A ligand binding assay ( English ligand binding assay , LBA) is a method of Biochemistry and Pharmacology to measure the affinity of binding of two molecules to each other.

principle

Binding of tacrine (blue) to cholinesterase .

The tendency of two molecules to bind to one another is known as affinity. Any molecule can bind to any other with the appropriate affinity, which can be determined in a ligand binding test. The binding partners of a bond can e.g. B. be a ligand and a receptor . Small molecules are usually bound in a recess in a protein , as the enlarged contact area enables a more affine binding. The receptor is immobilized first . This is followed by a measurement of the ligand concentration at maximum binding of the ligand (C B max , synonymous with maximum saturation) and the binding of the ligand at different concentrations of C ligand . With a graph of the saturation (the proportion of bound ligand C bound ligand / C B max ) over the concentration of the ligand C ligand , the dissociation constant can be read off at a saturation proportion of 0.5. The dissociation constant corresponds to the ligand concentration of half-maximal binding. The maximum ligand binding B max and the dissociation constant K d can also be determined using a Scatchard diagram . The dissociation constants of high affinity bonds are around 10 −9 M −1 (e.g. hormones at their receptors, stable protein complexes , antigen - antibody bonds). Changes in the function of a receptor after ligand binding are not recorded by ligand binding tests.

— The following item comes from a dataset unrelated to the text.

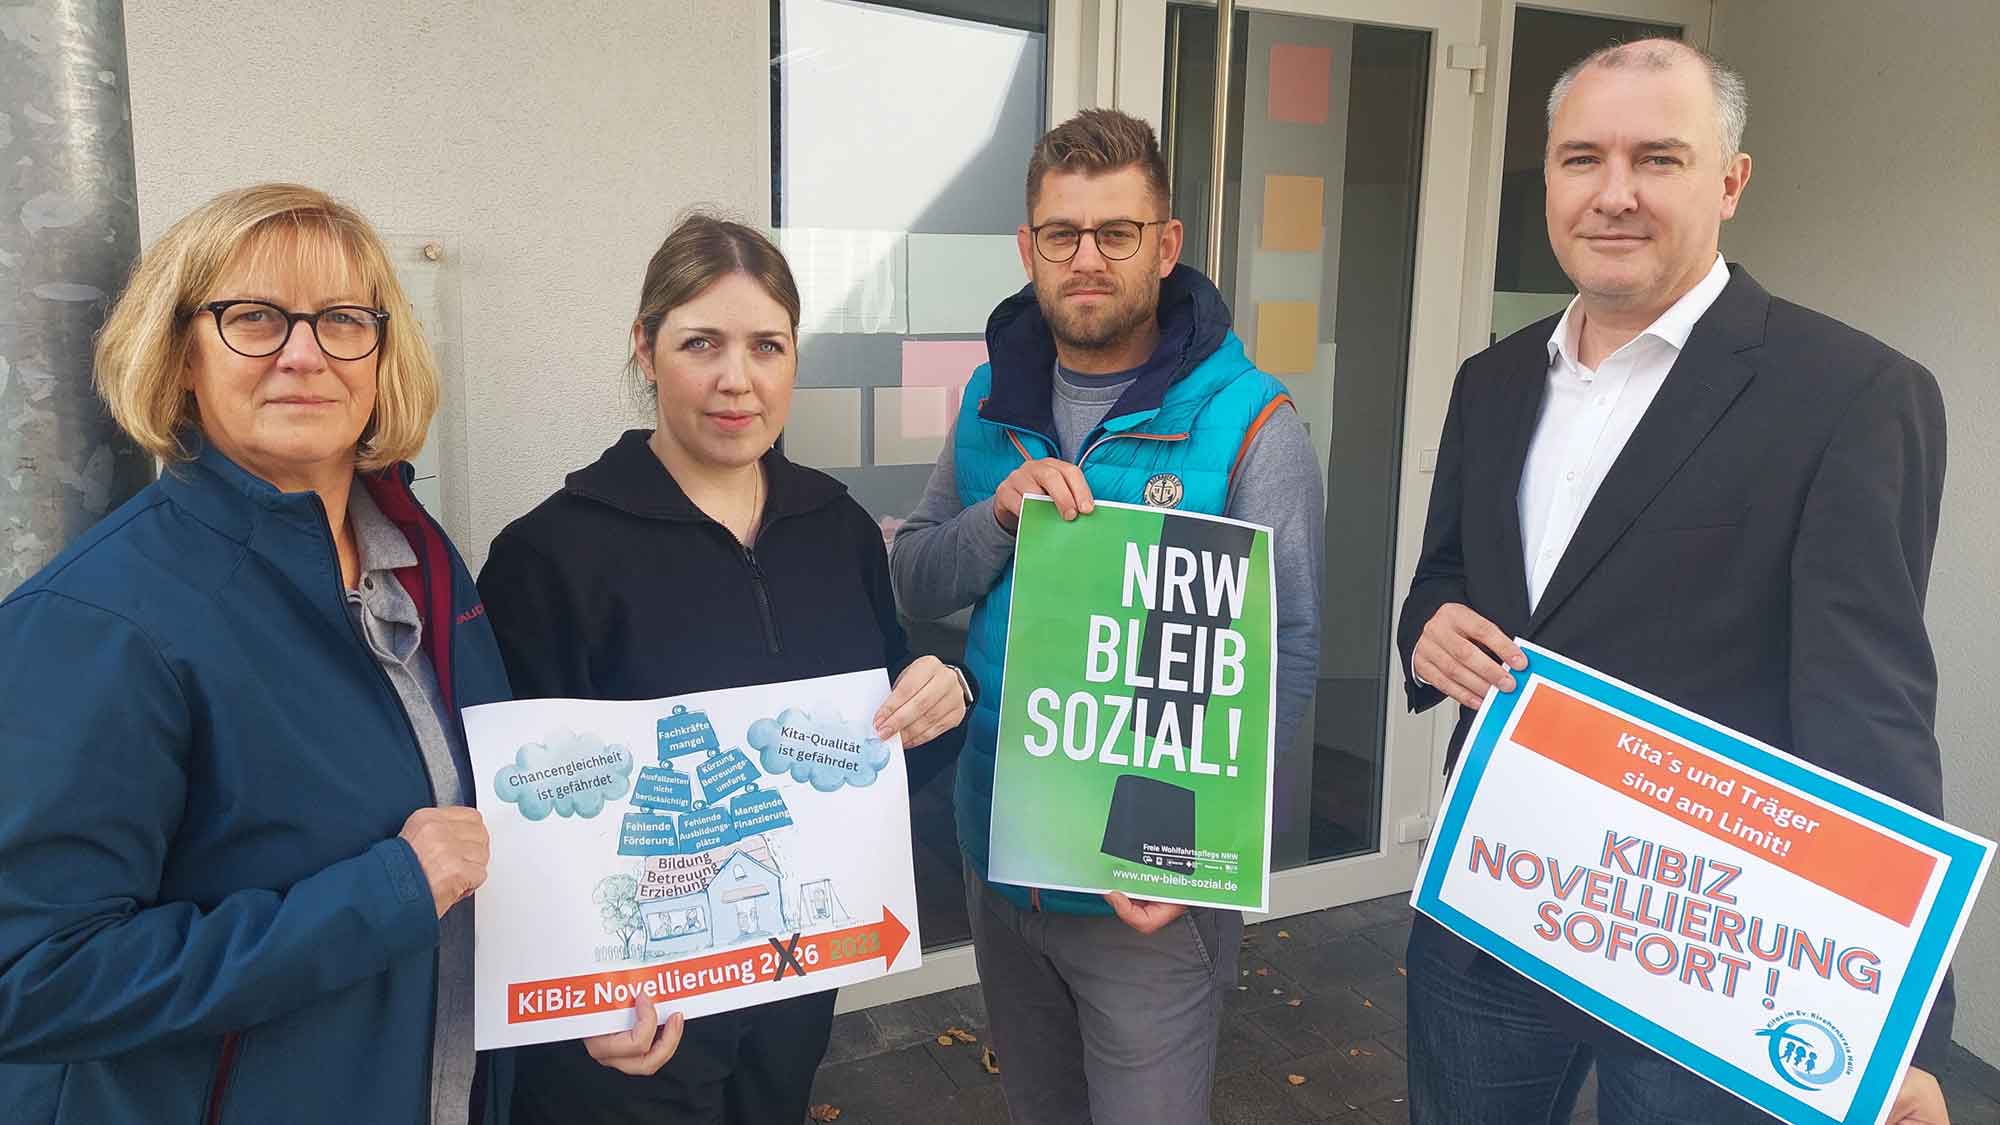 NRW bleib sozial! Kitas des Evangelischen Kirchenkreises Halle planen Protestaktionen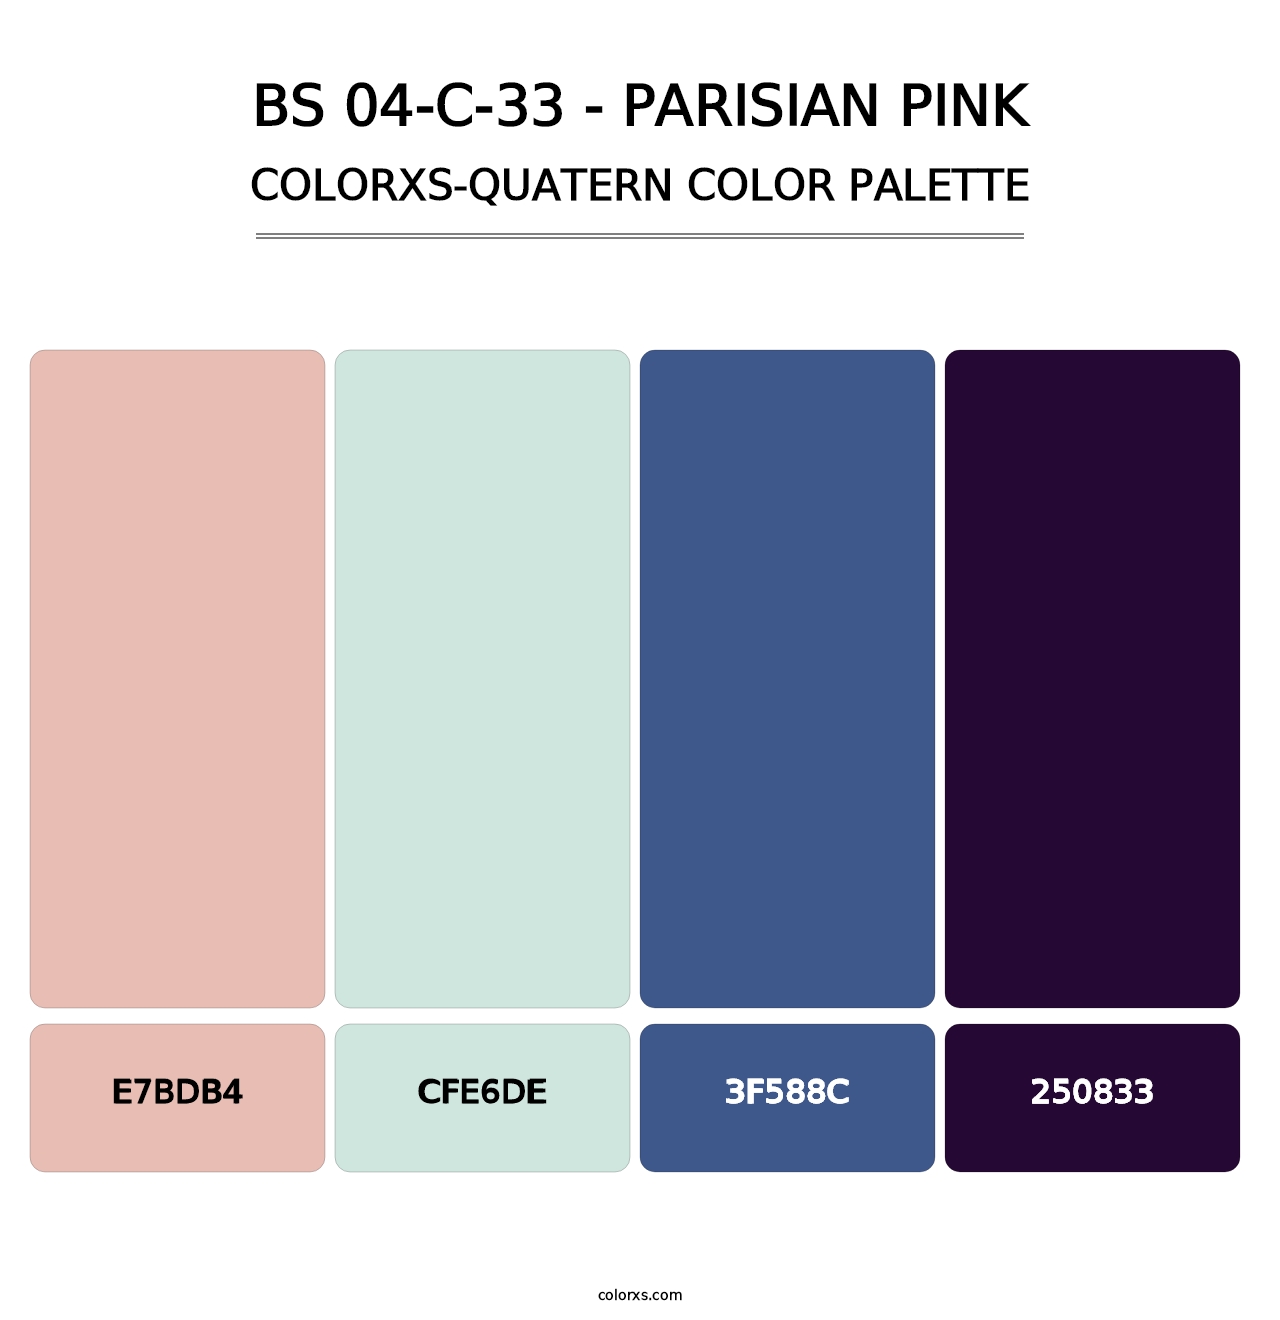 BS 04-C-33 - Parisian Pink - Colorxs Quatern Palette

Label Free Ligand Binding Assays

In contrast to the ligand binding tests in the following section, surface plasmon resonance spectroscopy , bio-layer interferometry and the measurement of changes in impedance measure the change in layer thickness without using a marker , but usually require higher concentrations of ligands. Different variants have been developed for high throughput screening . The affinity can be determined with isothermal titration calorimetry , provided that the binding is not driven exclusively by entropy (in the case of an isenthalpic binding). No markings are required here either, and short-term bonds are not recorded.

Label-based ligand binding tests

Ligand binding test with 18 F-FDG in vivo by PET scan

Filter membranes

The filter test (synonymous membrane binding test ) is achieved by adding a marked possible binding partner to a molecule immobilized on a surface (e.g. filter paper , PVDF membranes, polyethyleneimine- coated glass fiber filters ) . The label can be radioactive , a reporter enzyme , biotin , a fluorophore , or an oligonucleotide . After several washing steps of the coated surface, the amount of remaining bound molecules is determined. Processes without washing steps are sometimes referred to as mix-and-measure .

First, the equilibrium constant is measured at various concentrations of the ligand labeled with the reporter. Here, the labeled molecule is incubated with the immobilized binding partner until chemical equilibrium is reached . The membrane is then washed and dried, and the amount of bound reporter molecule is determined. After a predetermined number of washes, the amount of the reporter molecules is measured on the membrane again, which information on the leaching of reporter molecules are ( English off-rate ). Alternatively, the washout can also be determined by determining the time course of the amount of reporter molecules.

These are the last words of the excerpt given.